People and organisations
- Monarch: Elizabeth II
- Leader of the Opposition: Kevin Rudd
- Deputy Leader of the Opposition: Julia Gillard
- Member party: Labor Party;
- Status in legislature: Official Opposition 60 / 150 (40%)

History
- Legislature term: 41st Parliament of Australia
- Incoming formation: 2006 Labor Party leadership spill
- Outgoing formation: 2007 federal election
- Predecessor: Shadow Ministry of Kim Beazley
- Successor: Shadow Ministry of Brendan Nelson

= Rudd shadow ministry =

Australian shadow ministry (2006–2007)

The Shadow Ministry of Kevin Rudd was the opposition Labor shadow ministry of Australia from December 2006 to December 2007, opposing John Howard's Coalition ministry. The shadow ministry was formed on 10 December 2006 after Kevin Rudd was elected party leader by the Labor caucus on 4 December, and ended with Labor's election win at the 2007 election.

==Shadow cabinet==
This opposition made no distinction between the Shadow Cabinet and the Shadow Ministry.

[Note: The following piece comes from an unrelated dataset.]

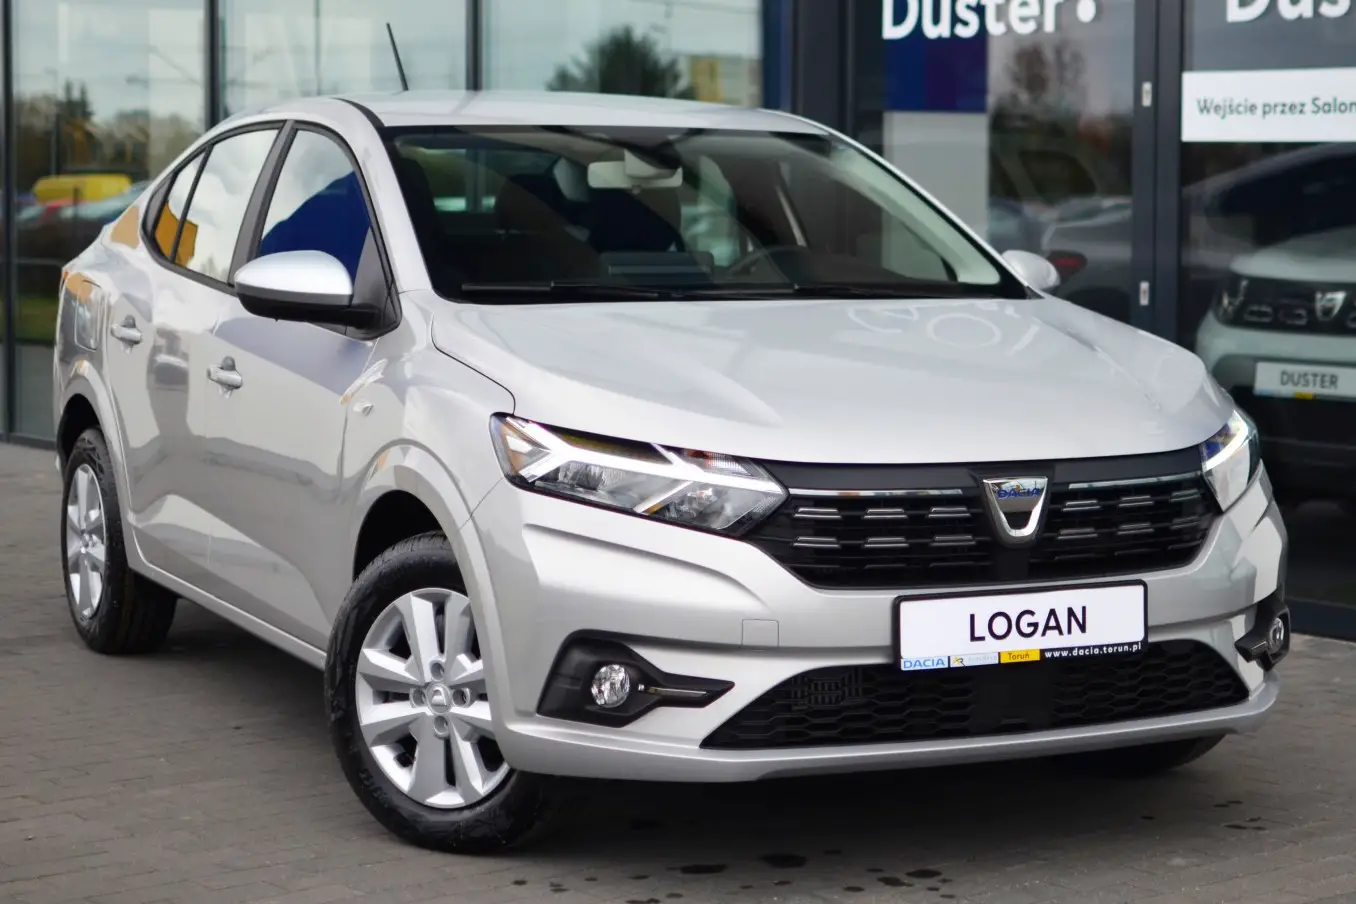 Étapes à suivre pour renouveler les plaquettes de freinage sur la Dacia Logan

The below are shadow ministers.
- Leader of the Opposition: Kevin Rudd
- Deputy Leader of the Opposition, Shadow Minister for Employment, Industrial Relations and Social Inclusion: Julia Gillard
- Leader of the Opposition in the Senate, Shadow Minister for National Development, Resources and Energy: Chris Evans
- Deputy Leader of the Opposition in the Senate, Shadow Minister for Communications and Information Technology: Stephen Conroy
- Shadow Treasurer: Wayne Swan
- Shadow Minister for Foreign Affairs: Robert McClelland
- Shadow Minister for Defence: Joel Fitzgibbon
- Shadow Minister for Finance: Lindsay Tanner
- Shadow Minister for Health: Nicola Roxon
- Shadow Attorney-General, (Note: Ludwig became Shadow Attorney-General on 9 March 2007; Kelvin Thomson was Shadow Attorney-General from 10 December 2006 to 9 March 2007.) Manager of Opposition Business in the Senate: Joe Ludwig
- Shadow Minister for Climate Change, Environment and Heritage: Peter Garrett
- Shadow Minister for Water and Infrastructure, Manager of Opposition Business in the House: Anthony Albanese
- Shadow Minister for Trade and Regional Development: Simon Crean
- Shadow Minister for Immigration, Integration and Citizenship: Tony Burke
- Shadow Minister for Education and Training: Stephen Smith
- Shadow Minister for Families and Community Services, Indigenous Affairs and Reconciliation: Jenny Macklin
- Shadow Minister for Industry, Innovation, Science and Research: Kim Carr
- Shadow Minister for Transport, Roads and Tourism: Martin Ferguson
- Shadow Minister for Primary Industries, Fisheries and Forestry: Kerry O'Brien
- Shadow Minister for Human Services and Housing, Youth, and the Status of Women: Tanya Plibersek
- Shadow Minister for Homeland Security, Territories, Shadow Minister for Justice and Customs (Note: Bevis was made Shadow Minister for Justice and Customs on 9 March 2007; Joseph Ludwig was Shadow Minister for Justice and Customs from 26 October 2004 to 9 March 2007): Arch Bevis
- Shadow Assistant Treasurer, Shadow Minister for Revenue and Competition Policy: Chris Bowen
- Shadow Minister for Service Economy, Small Business and Independent Contractors: Craig Emerson
- Shadow Minister for Multicultural Affairs, Urban Development and Consumer Affairs: Laurie Ferguson
- Shadow Minister for Veterans' Affairs, Shadow Minister for Defence Science and Personnel, Shadow Special Minister of State: Alan Griffin
- Shadow Minister for Local Government, Shadow Minister for Sport, Recreation and Health Promotion: Kate Lundy
- Shadow Minister for Ageing, Disabilities and Carers: Jan McLucas
- Shadow Minister for Federal/State Relations, Shadow Minister for International Development Assistance: Bob McMullan
- Shadow Minister for Superannuation and Intergenerational Finance, Shadow Minister for Banking and Financial Services: Nick Sherry
- Shadow Minister for Public Administration and Accountability, Shadow Minister for Corporate Governance and Responsibility, Shadow Minister for Workforce Participation: Penny Wong

===Former shadow ministers===
- Kelvin Thomson - Shadow Attorney-General (until 9 March 2007)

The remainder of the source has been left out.